What is DXF?¶
The common assumption is also the cite of Wikipedia:
AutoCAD DXF (Drawing eXchange Format) is a CAD data file format developed by Autodesk for enabling data interoperability between AutoCAD and other applications.
DXF was originally introduced in December 1982 as part of AutoCAD 1.0, and was intended to provide an exact representation of the data in the AutoCAD native file format, DWG (Drawing). For many years Autodesk did not publish specifications making correct imports of DXF files difficult. Autodesk now publishes the DXF specifications online.
The more precise cite from the DXF reference itself:
The DXF™ format is a tagged data representation of all the information contained in an AutoCAD® drawing file. Tagged data means that each data element in the file is preceded by an integer number that is called a group code. A group code’s value indicates what type of data element follows.
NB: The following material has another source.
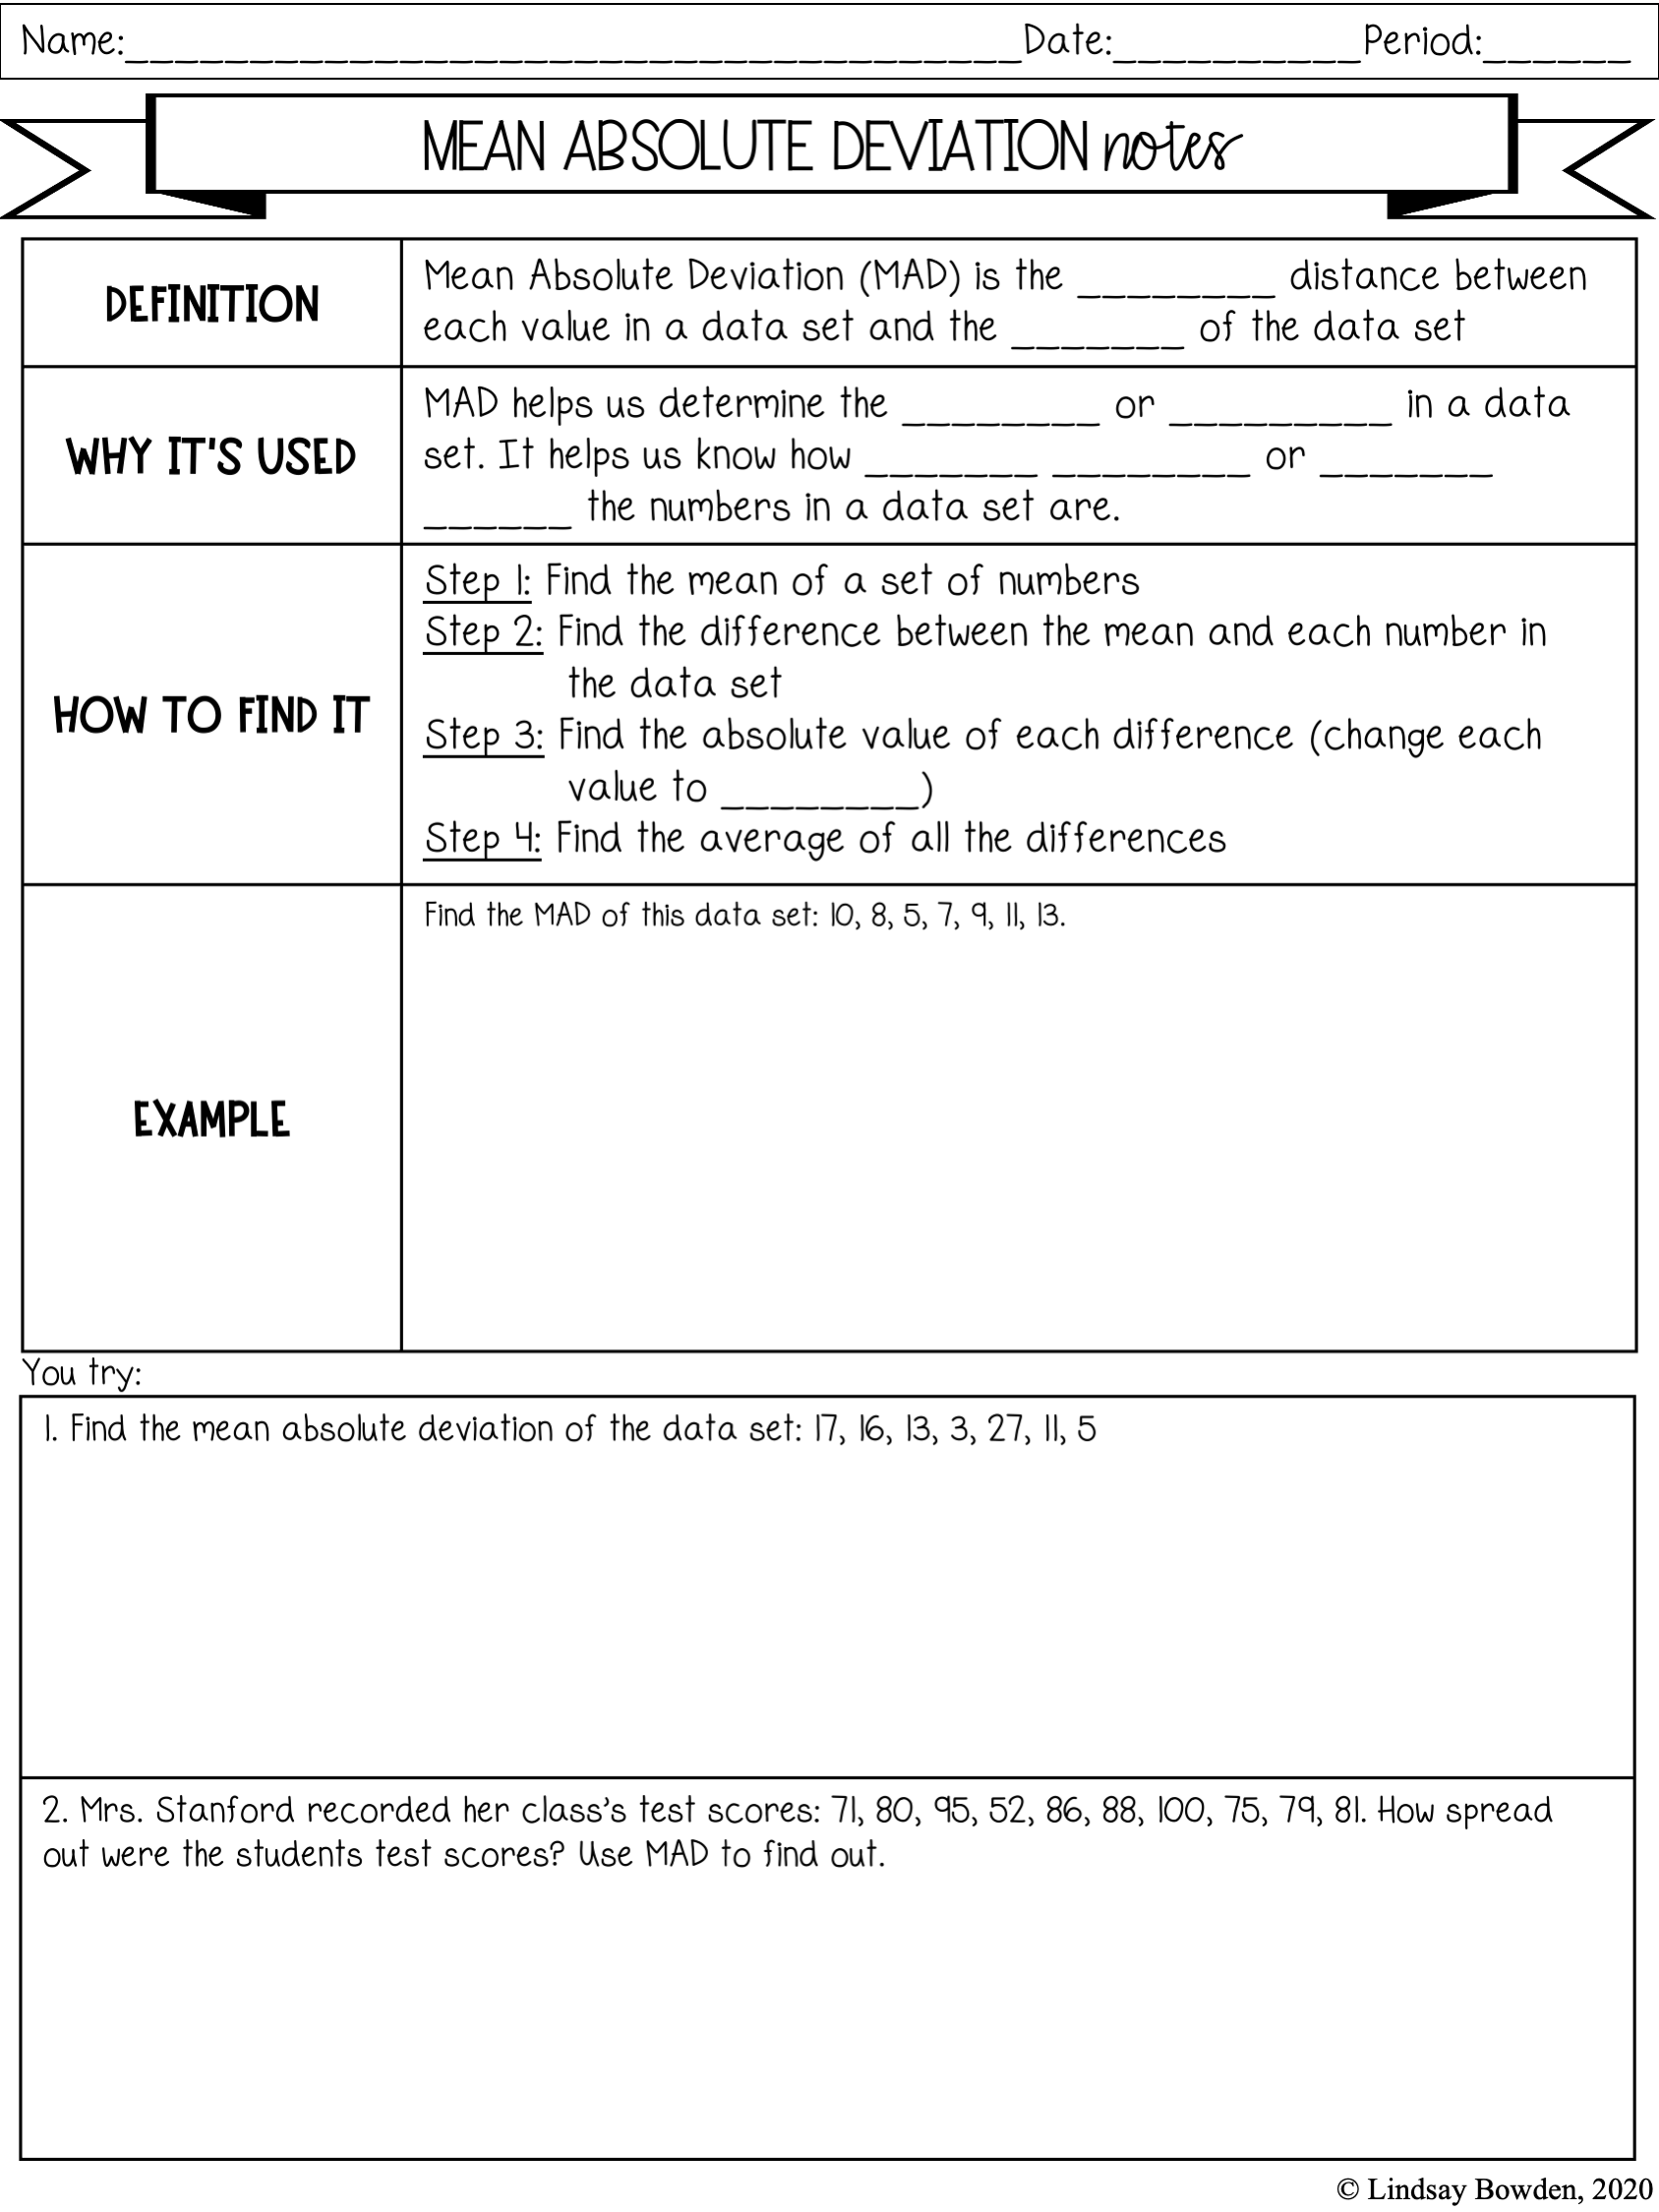 Mean Absolute Value Notes and Worksheets - Lindsay Bowden Within Mean Absolute Deviation Worksheet

This value also indicates the meaning of a data element for a given object (or record) type. Virtually all user-specified information in a drawing file can be represented in DXF format.
No mention of interoperability between AutoCAD and other applications.
In reality the DXF format was designed to ensure AutoCAD cross-platform compatibility in the early days when different hardware platforms with different binary data formats were used. The name DXF (Drawing eXchange Format) may suggest an universal exchange format, but it is not. It is based on the infrastructure installed by Autodesk products (fonts) and the implementation details of AutoCAD (MTEXT) or on licensed third party technologies (embedded ACIS entities).
For more information about the AutoCAD history see the document: The Autodesk File - Bits of History, Words of Experience by John Walker, founder of Autodesk, Inc. and co-author of AutoCAD.
DXF Reference Quality¶
The DXF reference is by far no specification nor a standard like the W3C standard for SVG or the ISO standard for PDF.
The reference describes many but not all DXF entities and some basic concepts like the tag structure or the arbitrary axis algorithm. But the existing documentation (reference) is incomplete and partly misleading or wrong. Also missing from the reference are some important parts like the complex relationship between the entities to create higher order structures like block definitions, layouts (model space & paper space) or dynamic blocks to name a few.
Reliable CAD Applications¶
Because of the suboptimal quality of the DXF reference not all DXF viewers, creators or processors are of equal quality. I consider a CAD application as a reliable CAD application when the application creates valid DXF documents in the meaning and interpretation of Autodesk and a reliable DXF viewer when the result matches in most parts the result of the free Trueview viewer provided by Autodesk.
These are some applications which do fit the criteria of a reliable CAD application:
CAD applications based on the OpenDesignAlliance (ODA) SDK, see also ODA on wikipedia, even Autodesk is a corporate member, see their blog post from 22 Sep 2020 at adsknews but only to use the ODA IFC tools and not to improve the DWG/DXF compatibility
BricsCAD (ODA based)
GstarCAD (ODA based)
ZWCAD (ODA based)
Unfortunately, I cannot recommend any open source applications because everyone I know has serious shortcomings, at least as a DXF viewer, and I don’t trust them as a DXF creator either. To be clear, not even ezdxf (which is not a CAD application) is a reliable library in this sense - it just keeps getting better, but is far from reliable.